Note: opto endstops made to the Generation 7 design are often claimed to be 3.3V-compatible, but in fact the design is marginal with a 5V supply and frequently doesn't work at all on 3.3V. To use this design with a 3.3V supply, you may need to replace the 180 ohm resistor by 100 ohms, and either replace the 1K resistor by 10K or remove it completely.
== Test endstop switches ==
=== Testing endstop switches using the web interface ===
* Apply power to the printer. You need only 5V power for this test, so we suggest you leave the main power turned off and just connect the printer to a PC via the USB cable. Note: if you have a PanelDue with 7" screen then USB power may not be sufficient.

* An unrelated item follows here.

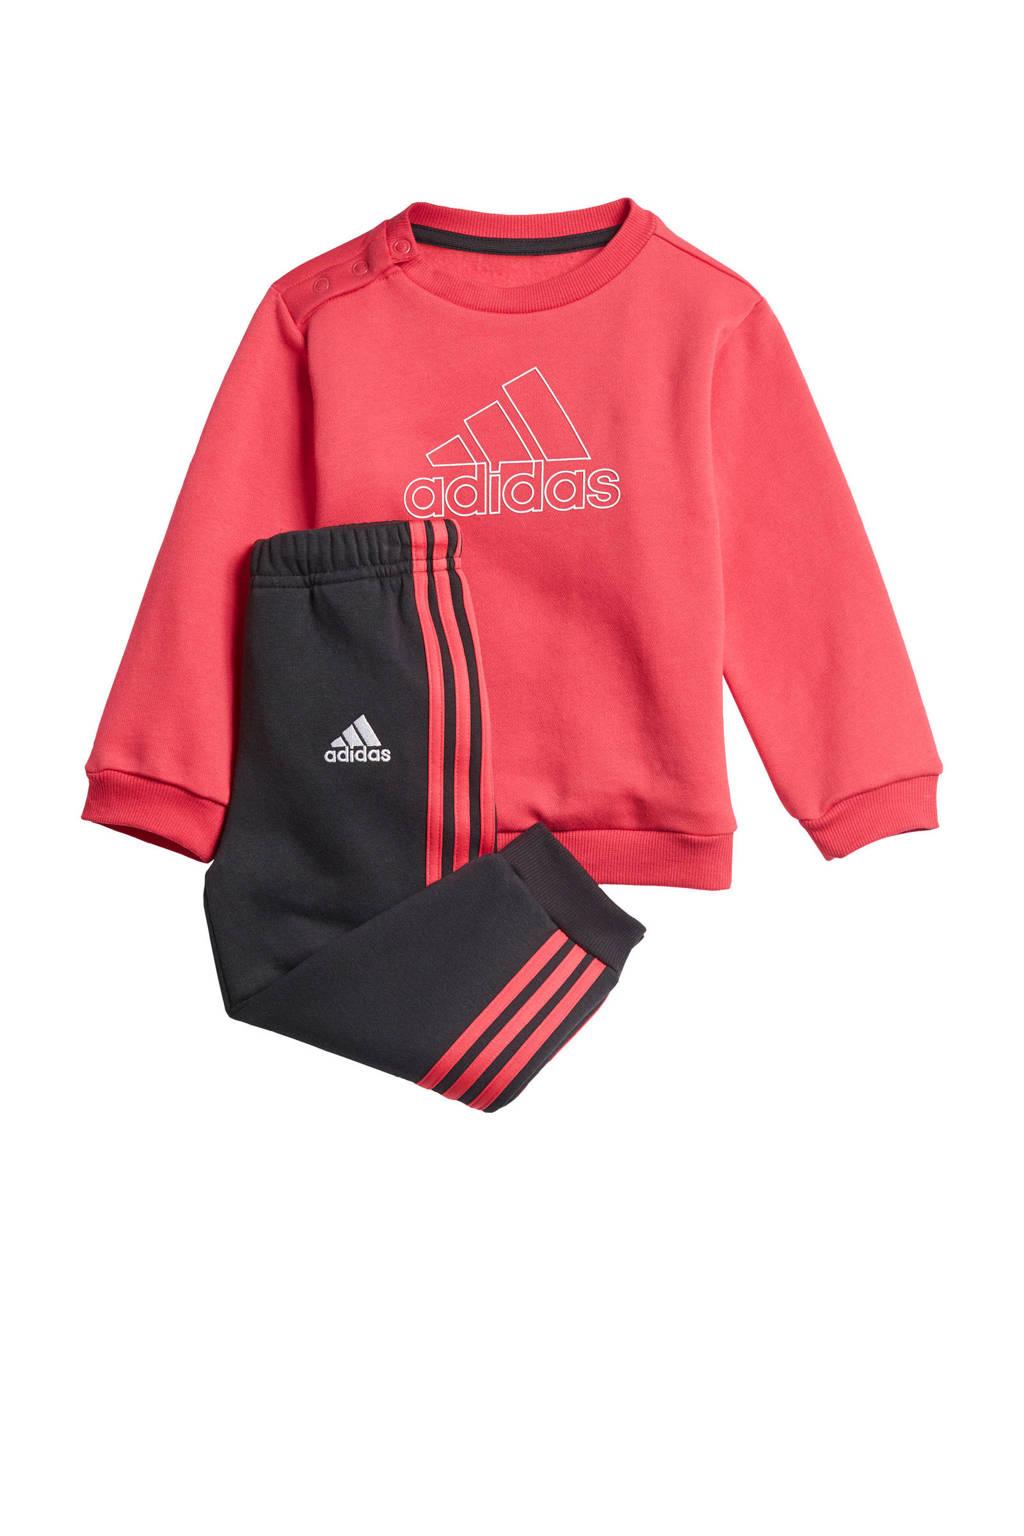 adidas Performance trainingspak roze/zwart, Roze/zwart

* Connect to your printer from a web browser
* Select '''Settings''' from the menu on the left hand side
* Select the '''Machine Properties''' tab
* You will see several rows of data. In the '''Endstop Hit''' column you can see the state of the selected endstop type. The first three rows in that column correspond to the X, Y and Z endstops in that order.

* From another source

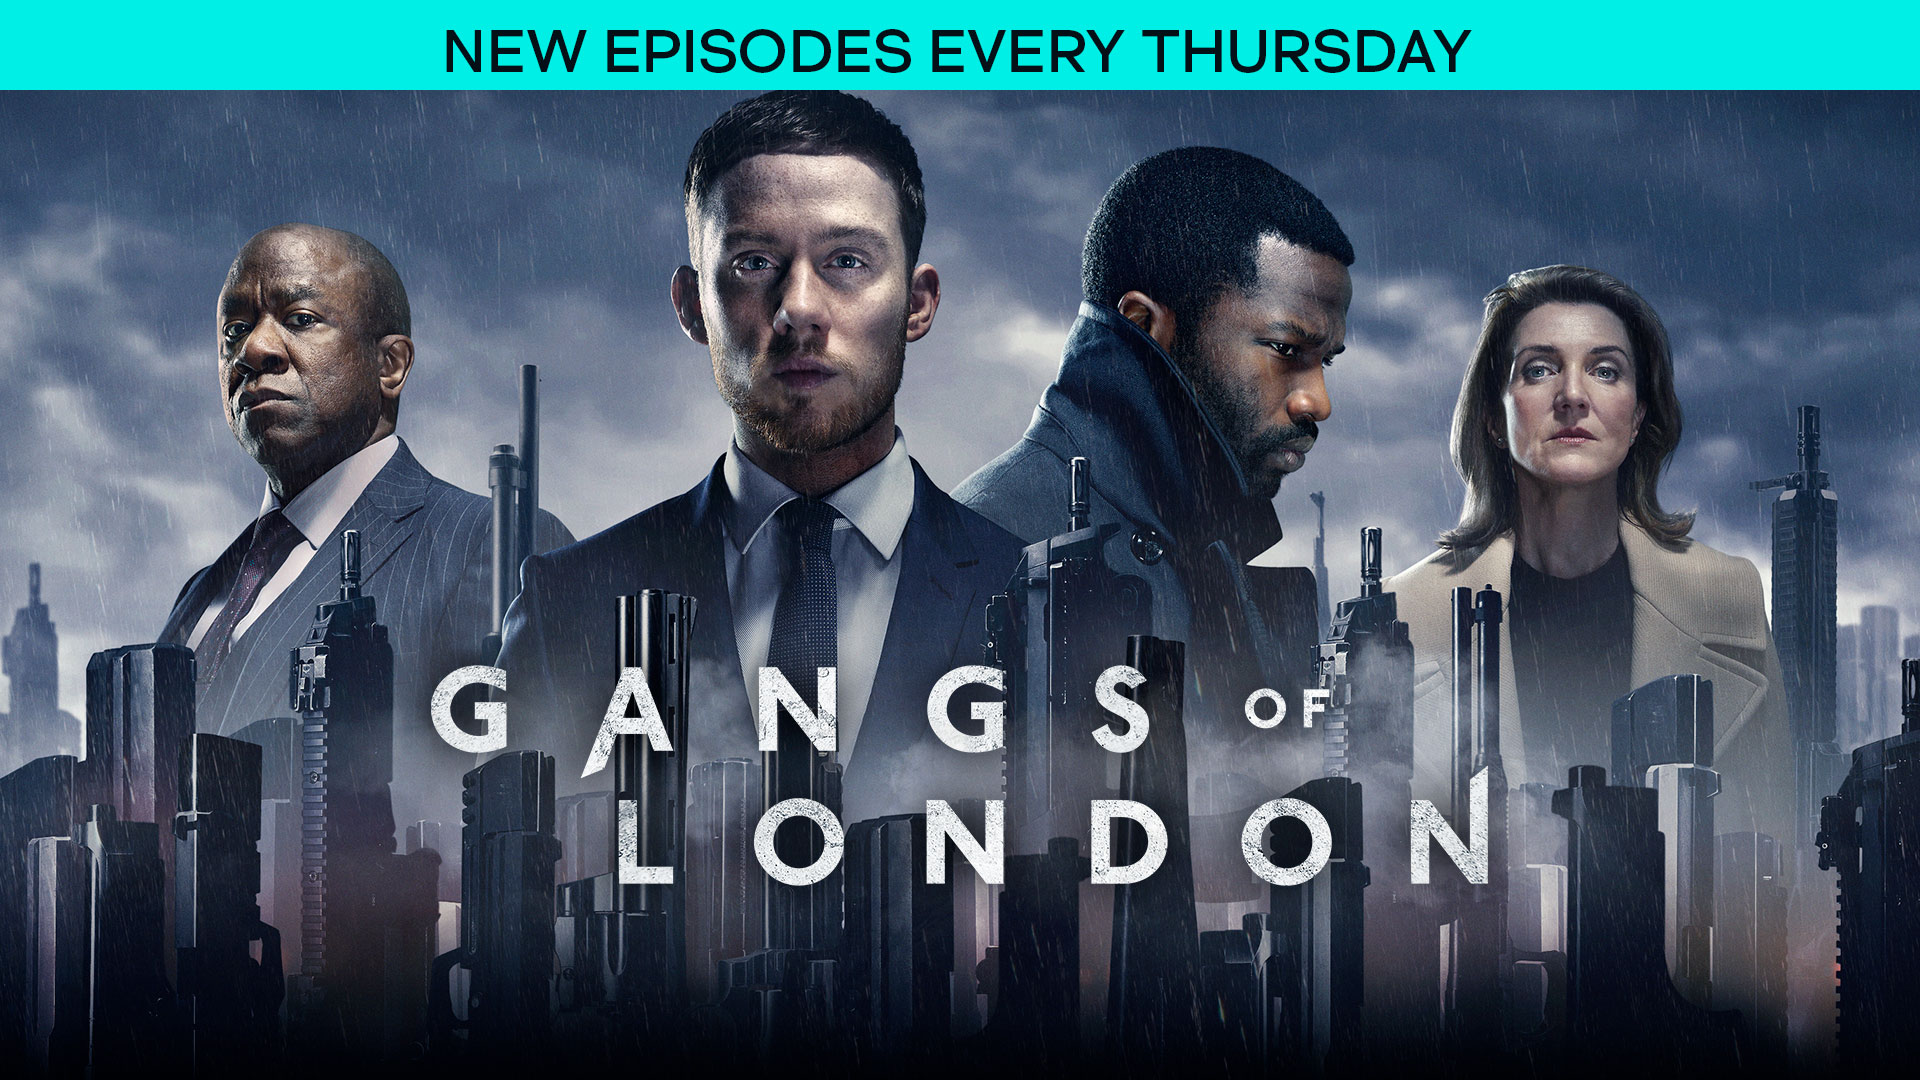 Gangs of London, Season 1

* If you are using conventional microswitches or sensors connected to the endstop inputs of the Duet, test that the Endstop Hit value displayed is '''No''' when the corresponding axis is not pushed against the endstop, and '''Yes''' when it is
What might go wrong:
* If the Duet fails to boot up with the endstops switches connectors, or if it disconnects from the browser as soon as you trigger an endstop switch, this usually means that you are using microswitch endstops and you have connected to the wrong pins of the endstop connector. 2-wire microswitches must be connected to the outer two pins of the connector, which is not the same as many other 3D printer control boards.
* If the endstop switches read in reverse, then the remedy depends on the type of endstop sensor:
** If the sensor is a 2-wire microswitch, we recommend that you use the normally-closed contacts, which are the two outermost tags on the switch (leave the centre tag not connected).

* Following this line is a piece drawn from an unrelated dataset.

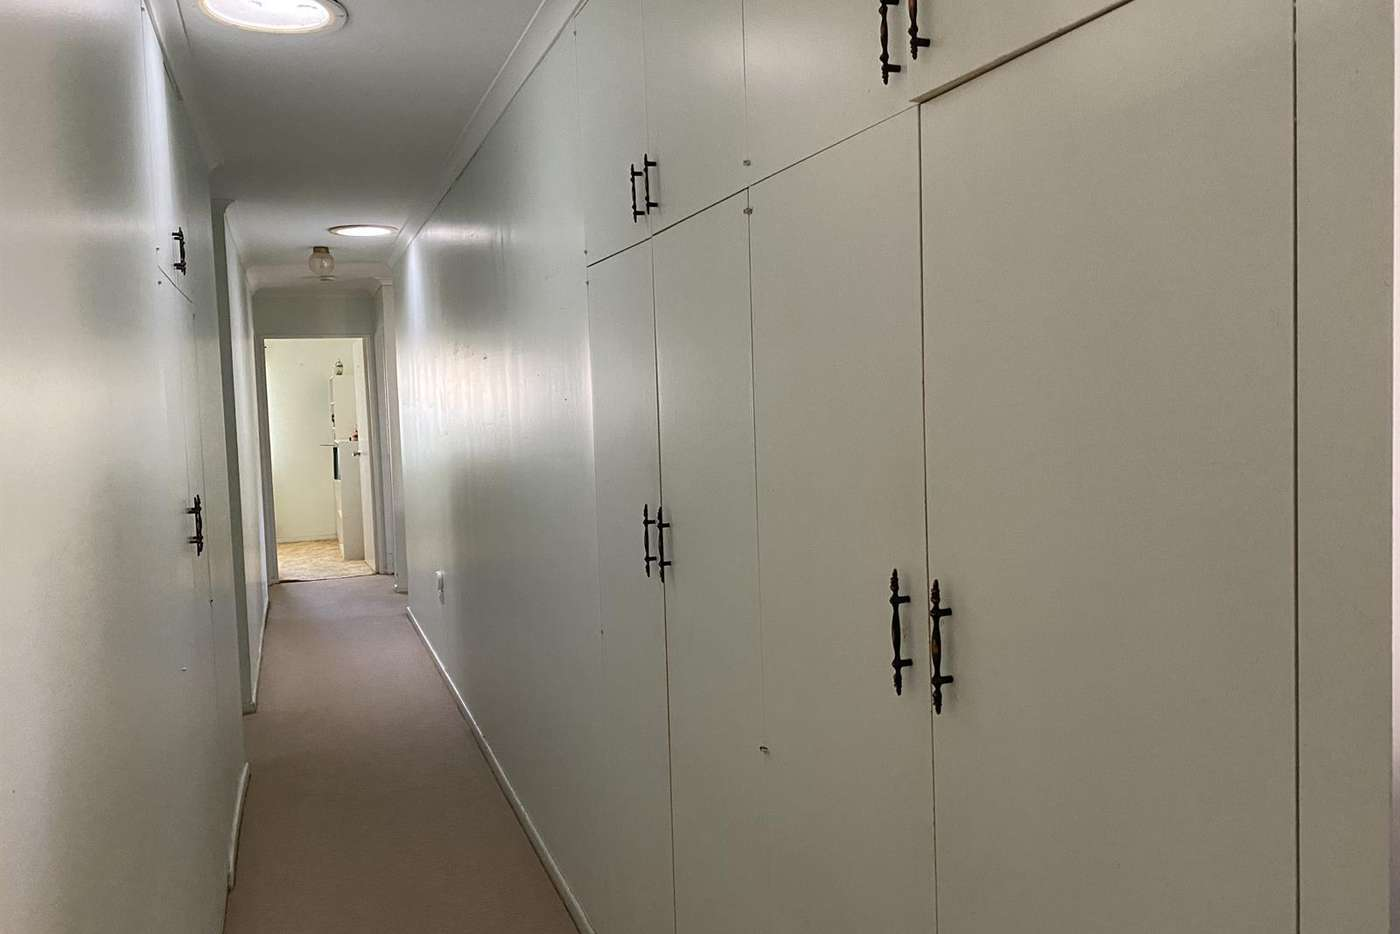 Seventh view of Homely house listing, 94 Burnett St, Nanango QLD 4615

** If you are already using those contacts, or you are using a different type of endstop sensor, in the M574 command in config.g change S0 to S1 or vice versa.
* If the Endstop hit value doesn't change when you trigger the endstop:
** Check the wiring
** If they are optical endstops, first make sure that you have S1 in the M574 command. Then, if the endstops show as triggered all the time, your endstops are probably ot 3.3V compatible and you need to modify them - see [[Connecting_endstop_switches#3.3V-compatible_optical_endstop]]. If they never show as triggered, check that the flag on the end of the axis blocks the slot completely, and that there is a pullup resistor between the sensor output and +3.3V (10K is usually suitable).
=== Testing endstop switches using M119 ===
If you don't have access to your Duet from a browser, you can send M119 commands from USB or PanelDue to read the endstop state while doing the tests listed above.
=== Endstop LEDs on the Duet ===
Each endstop input on the Duet has an associated red LED. The LED will be lit when the endstop minput is in the LOW state. Whether LOW corresponds to the endstop being triggered or not triggered depends on the type of endstop:
* If the endstop input is active high (e.g. normally-closed microswitch, or optical endstop) then the LED will light up when the endstop is connected but not triggered.
* If the endstop input is active low (e.g. normally-open microswitch, or typical Hall effect sensor) then the LED will light up when the endstop is connected and triggered.
Note: some types of endstop (e.g. opto endstops designed for 5V operation) my pull the endstop input low enough to light the LED, but not low enough for the Duet to recognise that the input is in the LOW state.